Metaphor is something the brain does
when complexity renders it incapable
of thinking straight.
Gary Greenberg
The brain can’t stand a pattern it doesn’t recognize. If your users don’t understand what is
going on, they will make up a reason for why something is happening (or not happening). And
that reason could be the wrong one and the user will get the wrong mental model of how the
product works.
Only 5 percent of consumer electronics
products returned to retailers are
malfunctioning—yet many people who
return working products think they are
broken, a new study indicates...
Accenture estimates that 68 percent of
returns are products that work properly
but do not meet customers' expectations
for some reason.
http://www.pcworld.com/article/146576/
most_returned_products_work_fine_study_says.html
This is fascinating, I think. The products WORK AS DESIGNED but are designed so poorly that
people cannot figure them out!
The average consumer in the US will
struggle for 20 minutes to get a device
working before giving up.
Elke den Ouden
Make it a Toy
Few people are afraid of toys, or experimenting with a toy or playing with one. It is a good
go-to metaphor, one we used for Canesta too.

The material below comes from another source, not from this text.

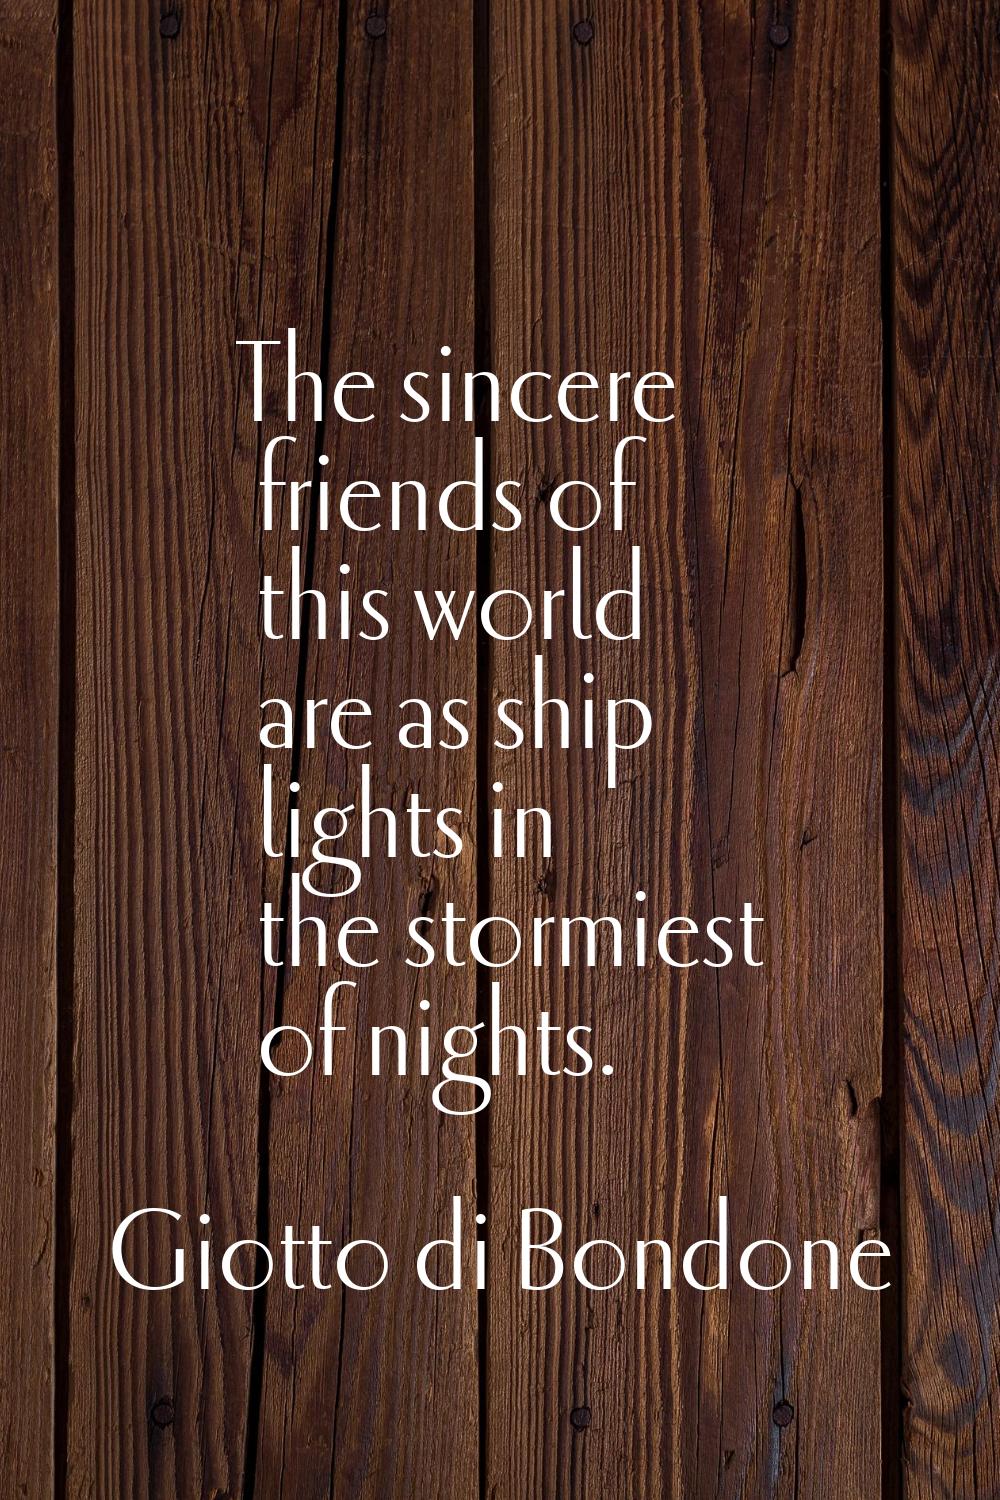 The sincere friends of this world are as ship lights in the stormiest of nights.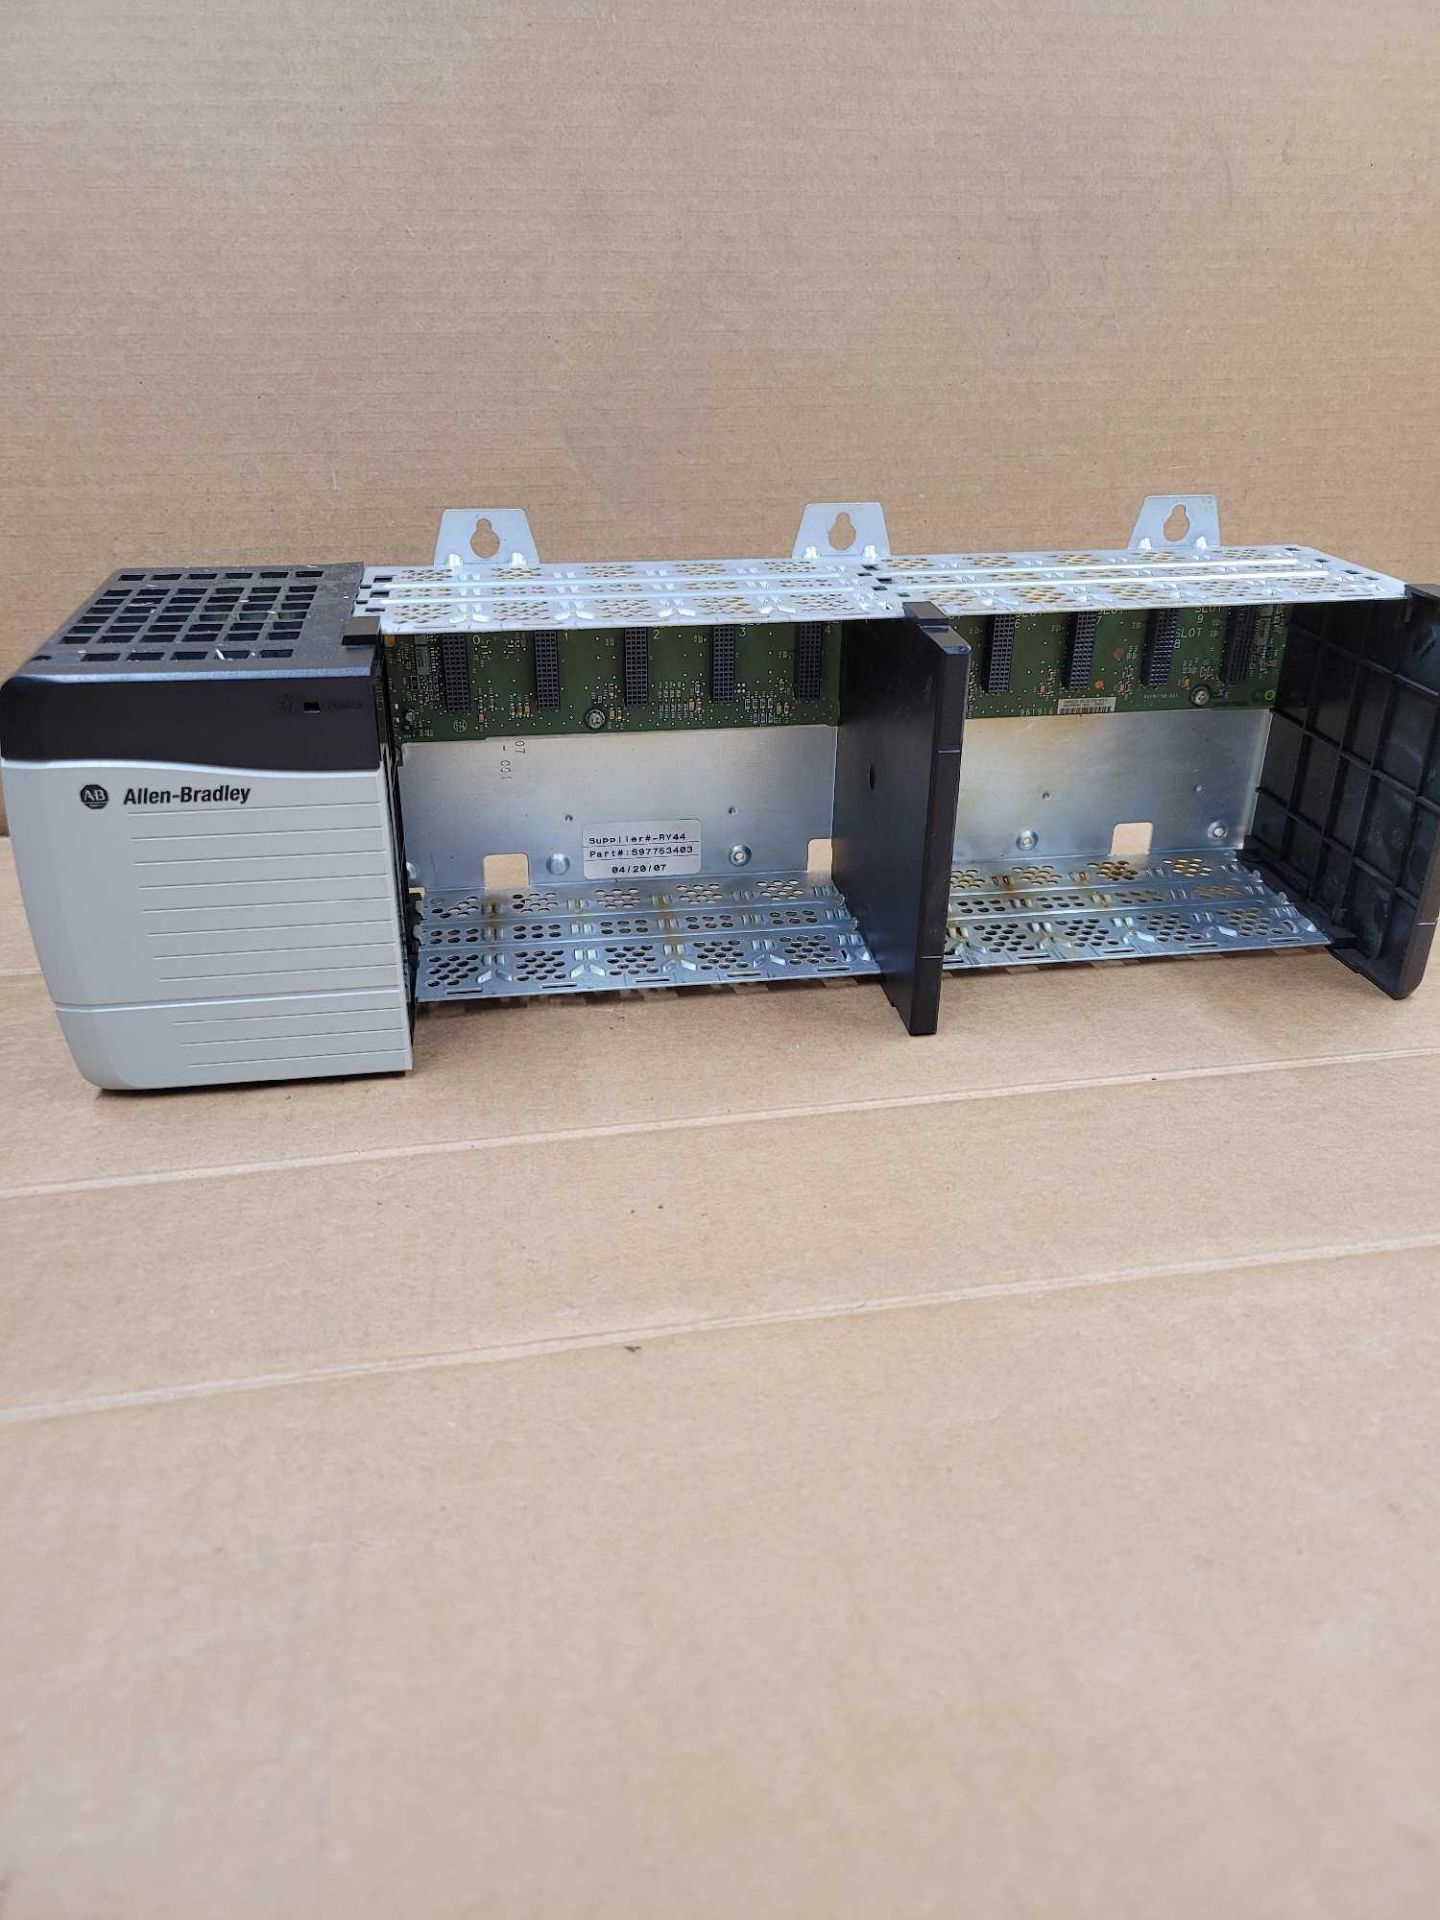 ALLEN BRADLEY 1756-PA75 with 1756-A10 / Series B ControlLogix Power Supply with Series B 10 Slot PLC

Don't be discouraged if what you
produce initially is something other
people dismiss as a toy. In fact, that's
a good sign. That's probably why
everyone else has been overlooking
the idea. The first microcomputers
were dismissed as toys. And the first
planes, and the first cars.
Paul Graham
People might dismiss what you’ve made as a toy anyway. Add Facebook and Twitter to Paul
Graham’s list here as well.
Design Languages
from Other Areas
One powerful thing about metaphor is that it allows you to bring in thinking from other
design areas.
For instance, before he worked at Apple, Jonathan Ive designed kitchen and bathroom
appliances. Having this background allowed him to take some of that design language and
apply it to personal computers.
PERSONALITY
One benefit of this, was giving personal computers a different personality. If you give your
product a personality, not only will users be more forgiving and interested in it, but they’ll
become more attached to it as well.
What is the voice of
this technology?
Ask yourself: how does it speak to the user? What positive emotion does it make them feel?
Failure is an area to
show personality.
When you are designing with more established technology, it is easy to forget about things
like error messages and use cases when something bad happens. With new technology you
can’t do that because it’s guaranteed not to work as expected quite often. Luckily, this is a
time when the product can show off its personality.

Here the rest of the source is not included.